Choose your own pics all efforts repped.

Avatar not required.


----------



## Ground'N'Pound5 (Aug 7, 2009)

ill make something very soon


----------



## limba (Jul 21, 2009)

_JB_ said:


> Fighters - Sonnen & Hardy
> 
> Nothing to bright.
> 
> ...


Heey.
I just came up with this sig of Sonnen. I am still learning the basics of Photoshop, so...it's not too fancy or full of effects.
Maybe you'll like it.
Who knows!?


----------



## Composure (Jun 24, 2008)

Nice work limba, the b/w and color looks good.


----------



## limba (Jul 21, 2009)

Composure said:


> Nice work limba, the b/w and color looks good.


Thank you. 
Still uncovering the misteries of photoshop, but step by step i'm getting there. :thumb02:


----------



## BobbyCooper (Oct 26, 2009)

Sehr schön limba^^


----------



## limba (Jul 21, 2009)

BobbyCooper said:


> Sehr schön limba^^


Danke.. danke Bobby!


----------



## _JB_ (May 30, 2007)

limba said:


> Heey.
> I just came up with this sig of Sonnen.

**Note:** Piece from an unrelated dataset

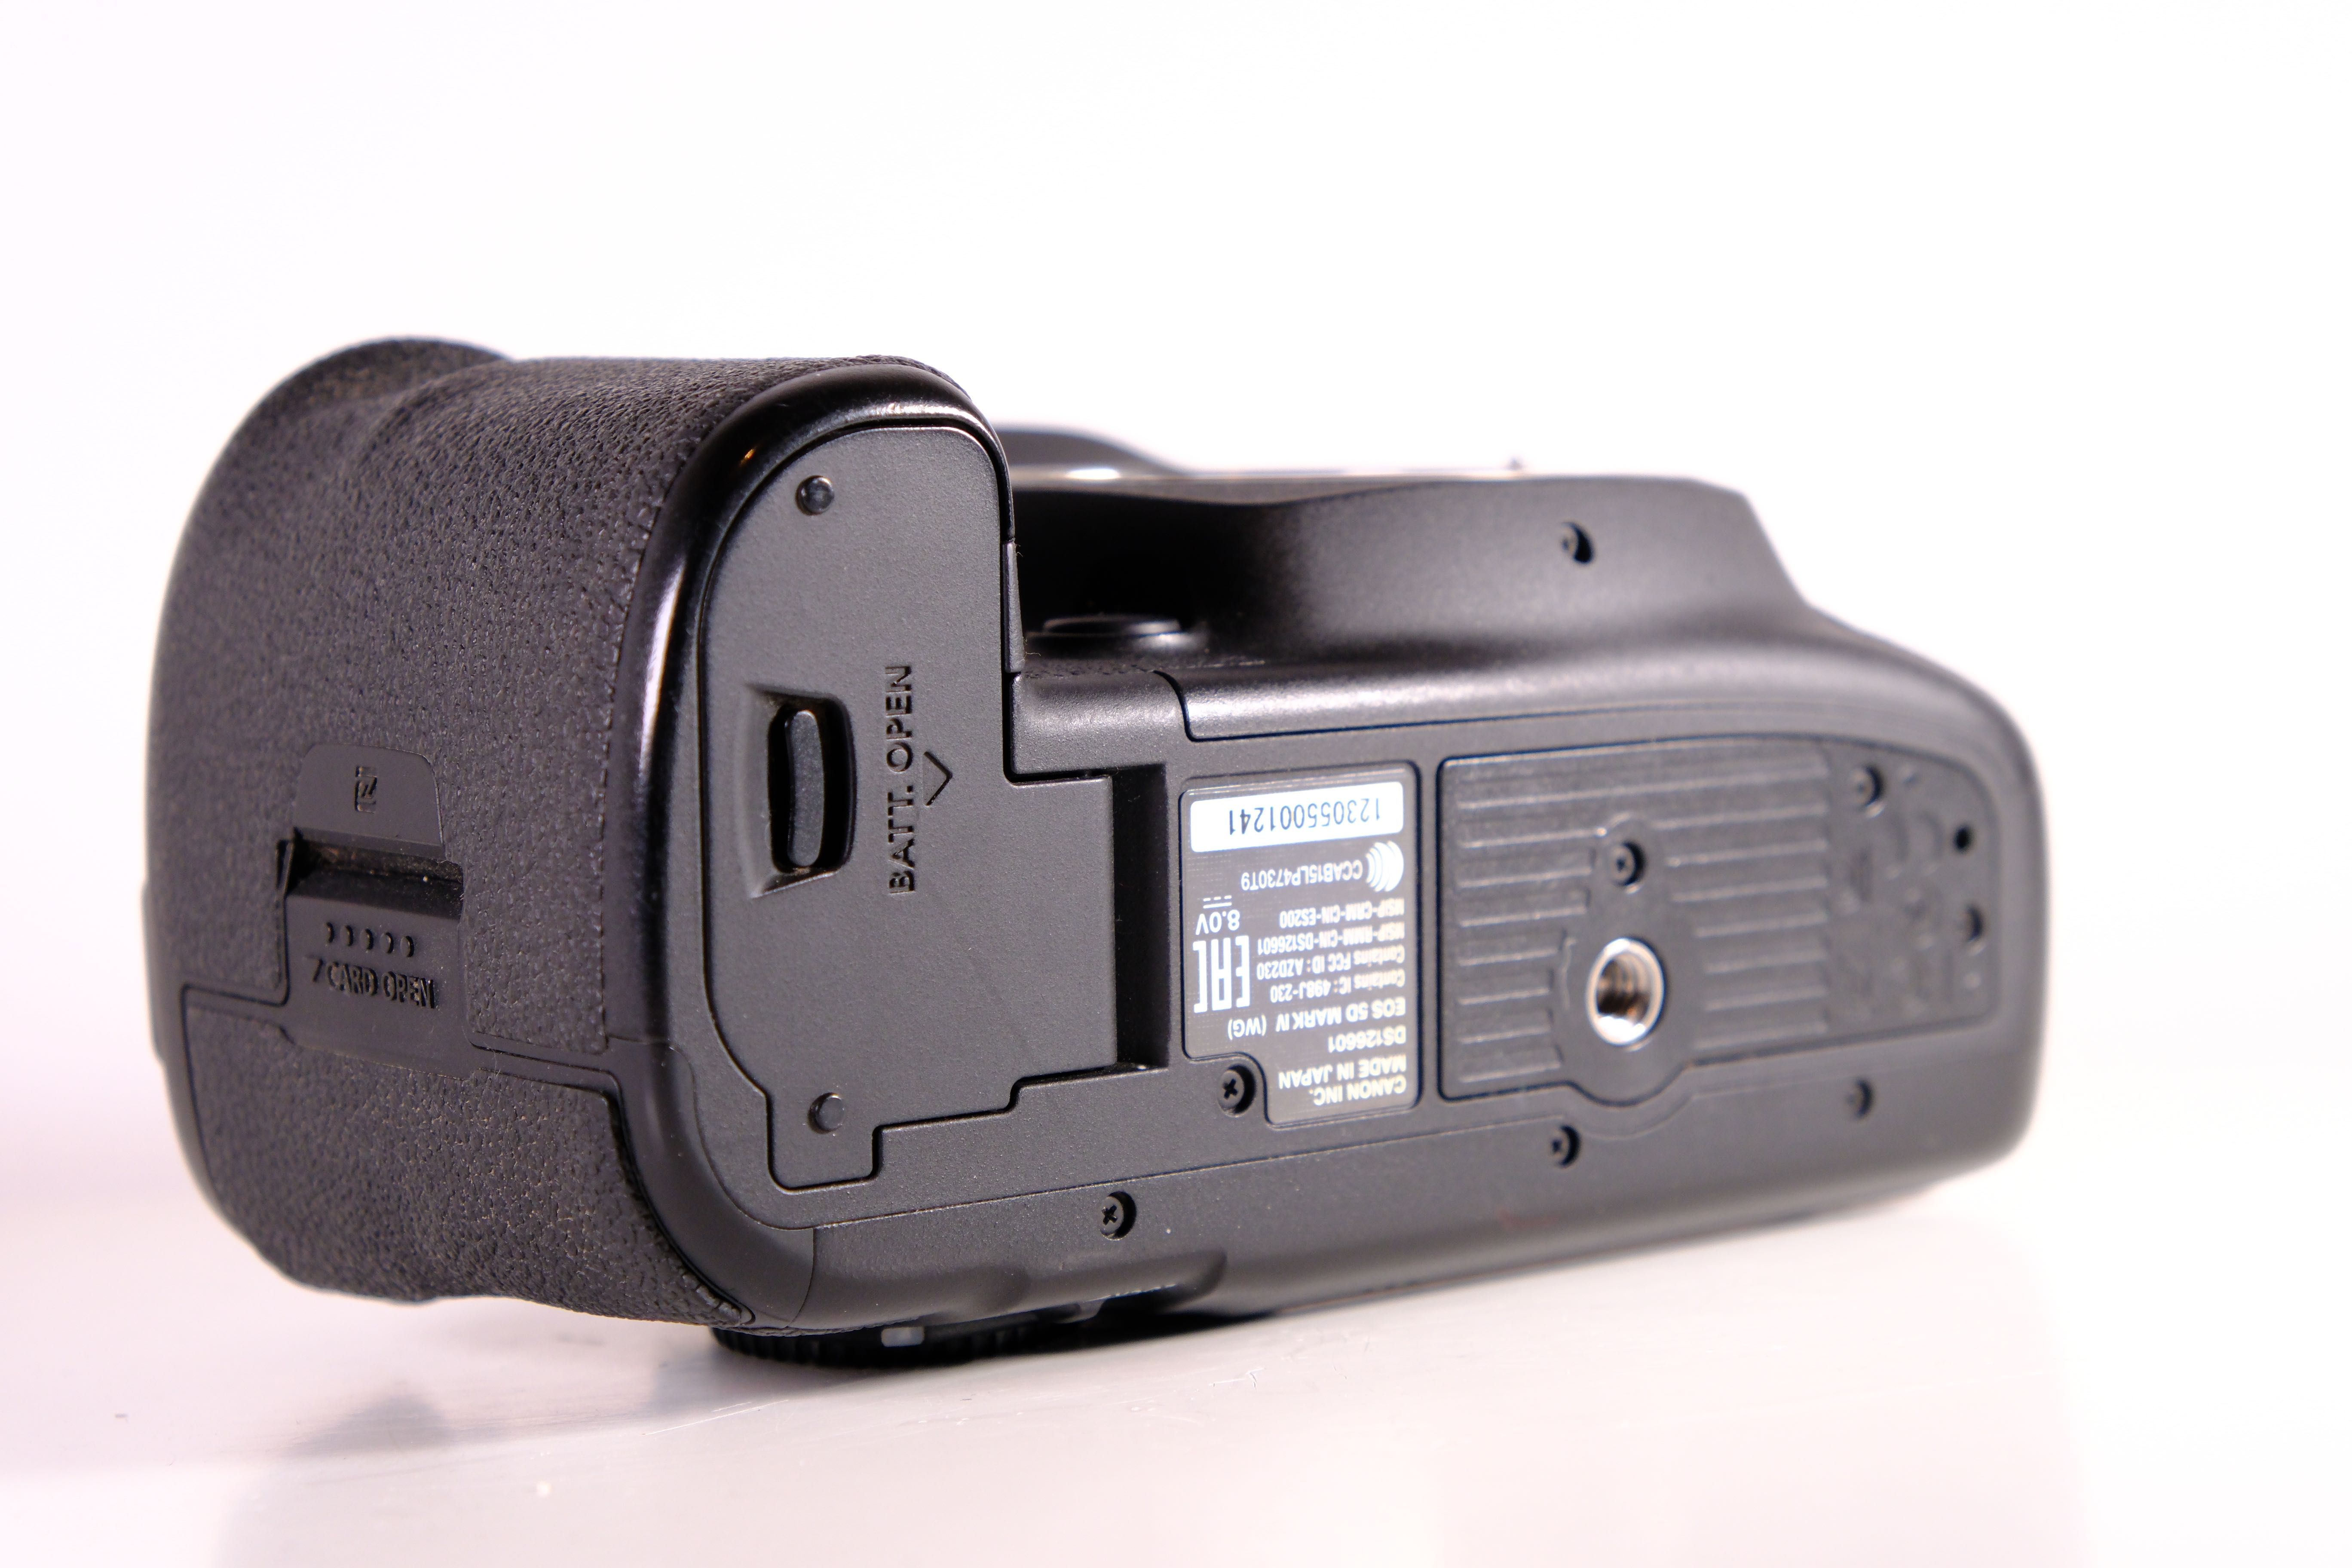 Canon EOS 5D Mark IV Пробіг 38 тис кадрів+ гарантія / без передоплат
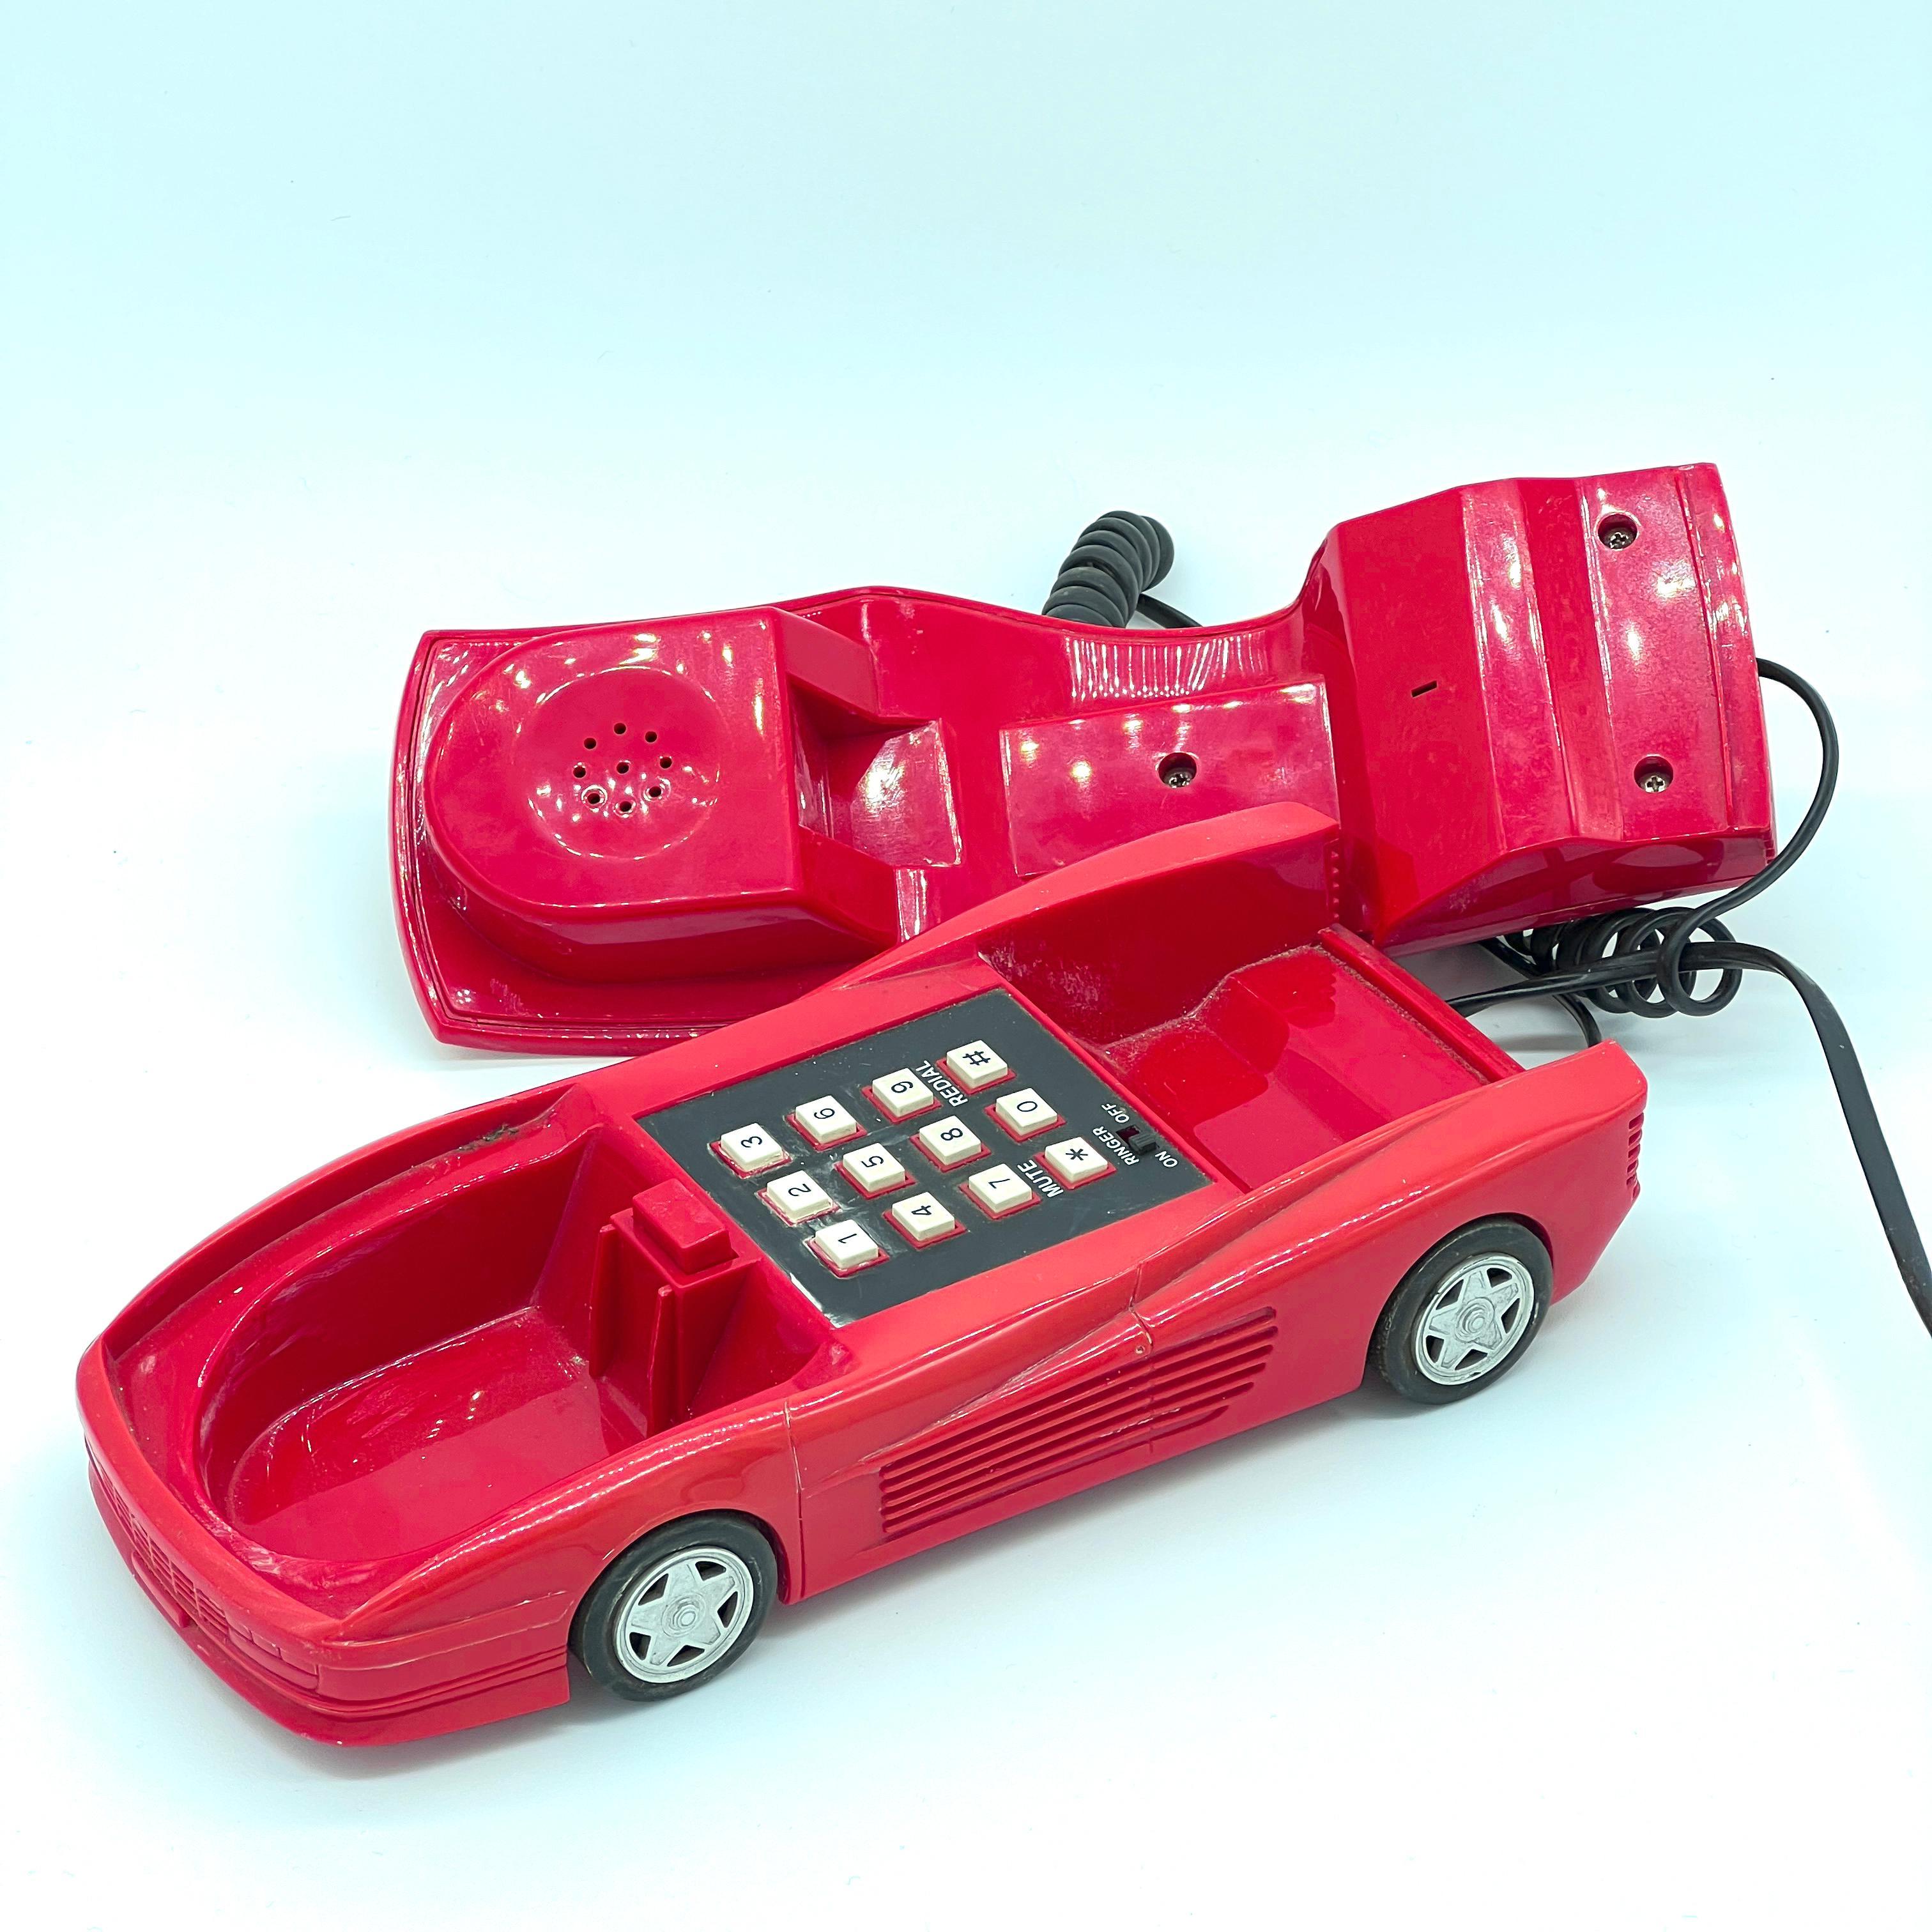 phone in car 80s

I am still learning the basics of Photoshop, so...it's not too fancy or full of effects.
> Maybe you'll like it.
> Who knows!?


 Thanks for the effort repped, but needs to have Hardy in it.


----------



## limba (Jul 21, 2009)

Again...bored a bit so i gave it a try. 
Number 1


----------



## limba (Jul 21, 2009)

And number 2


----------



## Toxic (Mar 1, 2007)

That sig is to big, 420 Wide is the limit.

420x220

Ground and Pound pretty sure yours is to tall to.


----------



## K R Y (Nov 19, 2007)

GnP's is exactly the limit. 420X220.


----------



## limba (Jul 21, 2009)

Ohh...i forgot about that. I've been to caught up in the sig, and i missed this this aspect.
Thanks for the reminder Toxic.
But it can be resized in order to fit in the required size, if necessary, right?!


----------



## K R Y (Nov 19, 2007)

Just hide the text layers (click the eye next to the layer in the layers panel) and go to Image > Image size. Change the width to 440 and make sure you have 'Constrain Porportions' ticked.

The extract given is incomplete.